Print version ISSN 0100-736X

Pesq. Vet. Bras. vol.32 no.5 Rio de Janeiro May 2012

http://dx.doi.org/10.1590/S0100-736X2012000500007 

ANIMAIS DE PRODUÇÃO

 

Mortalidade em potros associada ao parasitismo por Strongyloides westeri

 

Foal mortality associated with Strongyloides westeri parasitism

 

 

Ricardo B. LucenaI; Rafael A. FigheraII; Claudio S.L. BarrosII, *

IPrograma de Pós-Graduação em Medicina Veterinária, área de concentração em Patologia Veterinária, Centro de Ciências Rurais (CCR), Universidade Federal de Santa Maria (UFSM), Camobi, Santa Maria, RS 97105900, Brasil
IIDepartamento de Patologia, UFSM, Santa Maria, RS

 

 


RESUMO

É descrito um surto da infecção por Strongyloides westeri em potros. Cinco de seis potros recém desmamados desenvolveram diarreia, perda de peso, hipoalbuminemia e anemia. Grande número de ovos de nematódeos foi detectado nas fezes de dois desses potros. Três potros morreram naturalmente e um quarto foi eutanasiado in extremis. Os achados de necropsia em três potros consistiam de edema subcutâneo, ascite, hidrotórax e petéquias na mucosa do duodeno. Histologicamente, as alterações eram restritas à mucosa do duodeno e caracterizadas por atrofia das vilosidades e infiltrado inflamatório linfoplasmocítico na lamina propria. Múltiplas pequenas cavidades preenchidas por parasitas nematódeos e ovos embrionados ocorriam na ponta das vilosidades duodenais. Com base na epidemiologia, nas características morfológicas dos nematódeos e nos achados de necropsia no três potros necropsiados, um diagnóstico de infecção por S. westeri foi feito.

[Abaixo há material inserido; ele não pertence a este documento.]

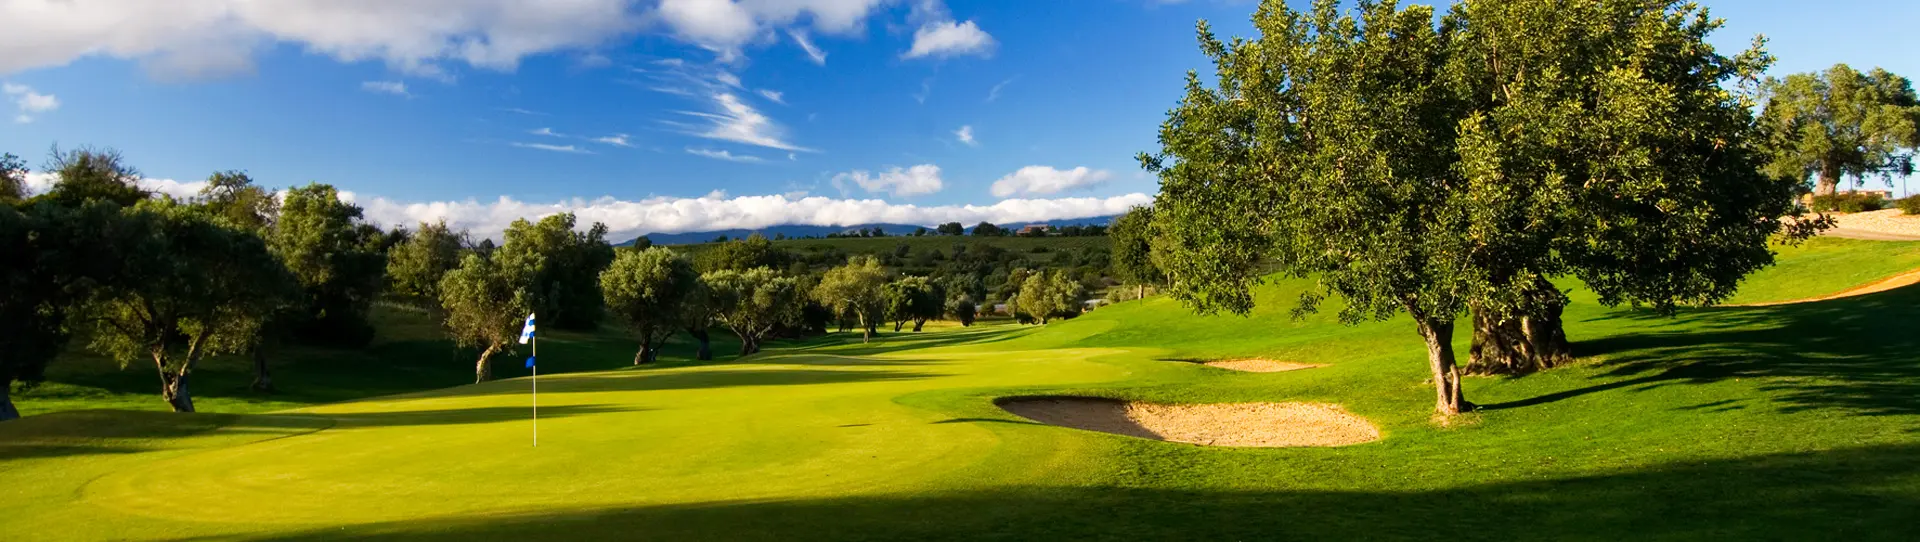 Portugal golf courses - Vale da Pinta Golf Course - Photo 1

Termos de indexação: Doenças de equinos, doenças parasitárias, diarréia, anemia, estrongiloidose, Strongyloides westeri.


ABSTRACT

An outbreak of Strongyloides westeri infection in foals is described. Five out six weanling thoroughbred foals developed diarrhea, loss of weight, hipoalbuminemia and anemia. Large numbers nematode eggs were detected in the feces of two of those foals. Three foals died naturally and a fourth was euthanized in extremis. Necropsy findings from three foals were subcutaneous edema, ascites, hydrothorax and petechiae in the duodenal mucosa. Histologically, changes were restricted to the duodenum and were characterized by villous atrophy and limphoplasmacytic inflammatory infiltrate in the lamina propria. In the villous tips there were multiple small cavities filled by nematode parasites and embryonated eggs. Based on the epidemiology, morphological characteristics of the nematodes and necropsy finds from the necropsy of three affected foals, a diagnosis of S. westeri infection was made.

Index terms: Diseases of horses, diseases by parasites, diarrhea, anemia, Strongyloides infection, Strongyloides westeri.


 

 

INTRODUÇÃO

Strongyloides spp. são pequenos nematódeos filamentosos da ordem Rhabditida que parasitam o intestino delgado de várias espécies de animais domésticos (Quadro 1). Ruminantes são parasitados por Strongyloides papillosus, cavalos por S. westeri, suínos principalmente por S .ransomi, cães por S. stercoralis e gatos por S. felis, S. planiceps (= S. catti) e S. stercoralis no intestino delgado e S. tunefaciens no cólon (Brown et al. 2007). Os vermes são fêmeas partenogenéticas que produzem larvas capazes de infecção direta no hospedeiro ou de se desenvolver em gerações de machos e fêmeas de vida livre. A progênie da geração de vida livre adota então uma existência parasitária (Lyons et al. 1991, Lyons et al. 1993, Taylor et al. 2007)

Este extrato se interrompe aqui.